CGD Health Pvt. Ltd. Hyderabad, Telangana, India.
School of Statistics and Mathematics, Zhongnan University of Economics and Law, Wuhan, China.
Stud Health Technol Inform. 2024 Aug 22;316:719-723. doi: 10.3233/SHTI240515.
Automatic deidentification of Electronic Health Records (EHR) is a crucial step in secondary usage for biomedical research. This study introduces evaluation of an intricate hybrid deidentification strategy to enhance patient privacy in secondary usage of EHR. Specifically, this study focuses on assessing automatic deidentification using OpenDeID pipeline across diverse corpora for safeguarding sensitive information within EHR datasets by incorporating diverse corpora. Three distinct corpora were utilized: the OpenDeID v2 corpus containing pathology reports from Australian hospitals, the 2014 i2b2/UTHealth deidentification corpus with clinical narratives from the USA, and the 2016 CEGS N-GRID identification corpus comprising psychiatric notes. The OpenDeID pipeline employs a hybrid approach based on deep learning and contextual rules. Pre-processing steps involved harmonizing and addressing encoding and format issues. Precision, Recall, F-measure metrics were used to assess the performance.
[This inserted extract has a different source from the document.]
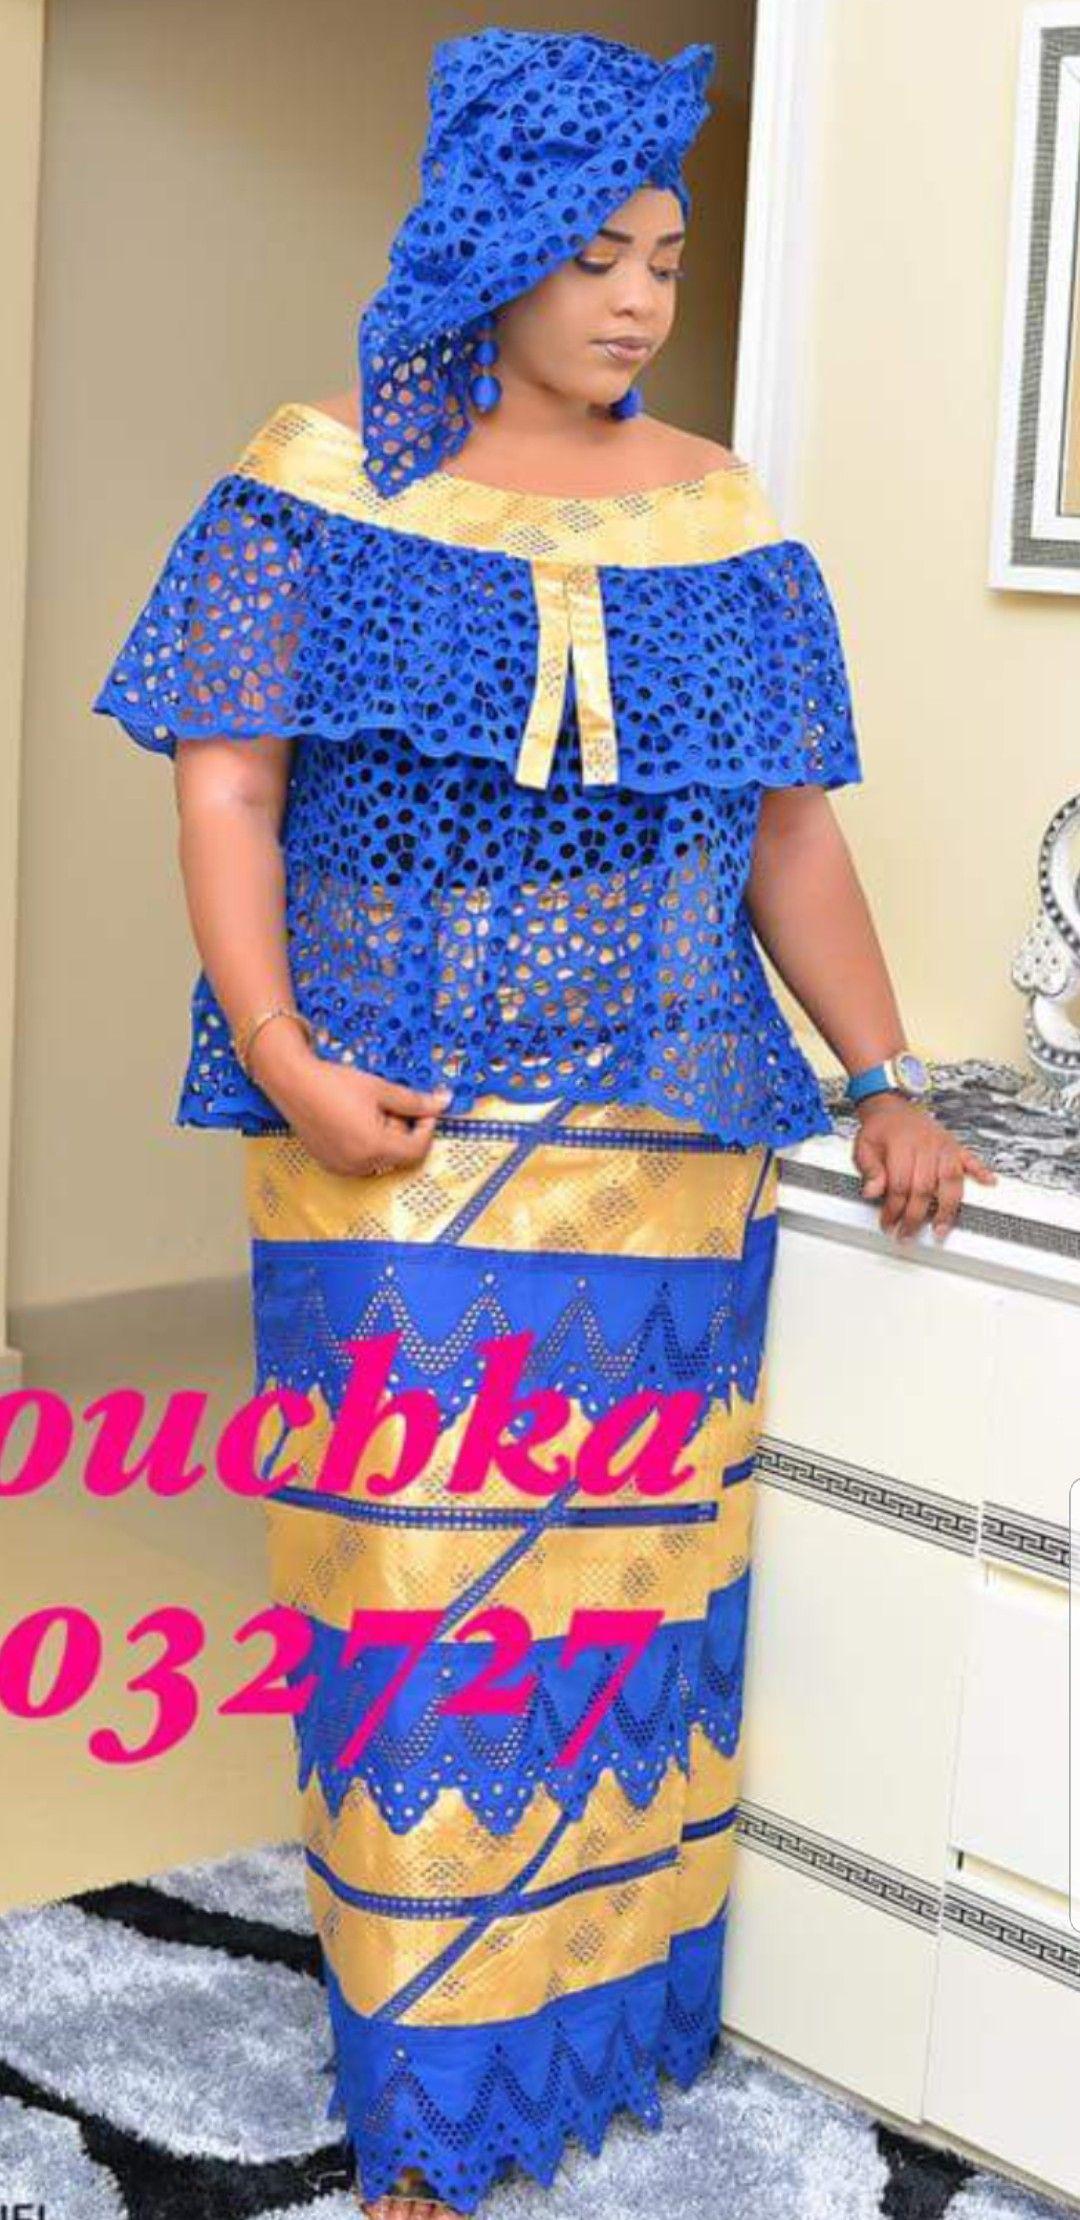 Épinglé par aminata ndao sur Senegalese dreams3   Tenue africaine, Mode africaine, Modele tenue ...

The evaluation metrics demonstrated the superior performance of the Discharge Summary BioBERT model. Trained on three corpora with a total of 4,038 reports, the best performing model exhibited robust deidentification capabilities when applied to EHR. It achieved impressive micro-averaged F1-scores of 0.9248 and 0.9692 for strict and relaxed settings, respectively. These results offer valuable insights into the model's efficacy and its potential role in safeguarding patient privacy in secondary usage of EHR.
电子健康记录 (EHR) 的自动去识别是生物医学研究二次利用的关键步骤。本研究介绍了一种复杂的混合去识别策略的评估,以增强 EHR 二次利用中的患者隐私。具体来说,本研究侧重于评估使用 OpenDeID 管道在不同语料库中进行的自动去识别,以通过合并不同的语料库来保护 EHR 数据集中的敏感信息。使用了三个不同的语料库:包含澳大利亚医院病理报告的 OpenDeID v2 语料库、来自美国的包含临床叙述的 2014 i2b2/UTHealth 去识别语料库以及包含精神科笔记的 2016 CEGS N-GRID 识别语料库。OpenDeID 管道采用基于深度学习和上下文规则的混合方法。预处理步骤包括协调和解决编码和格式问题。使用精度、召回率和 F 度量指标来评估性能。评估指标表明 Discharge Summary BioBERT 模型的性能更优。在三个语料库上进行训练,共有 4038 份报告,该最佳模型在应用于 EHR 时表现出强大的去识别能力。它在严格和宽松设置下分别实现了令人印象深刻的微平均 F1 得分为 0.9248 和 0.9692。这些结果提供了有关模型功效及其在保护 EHR 二次利用中患者隐私方面的潜在作用的有价值的见解。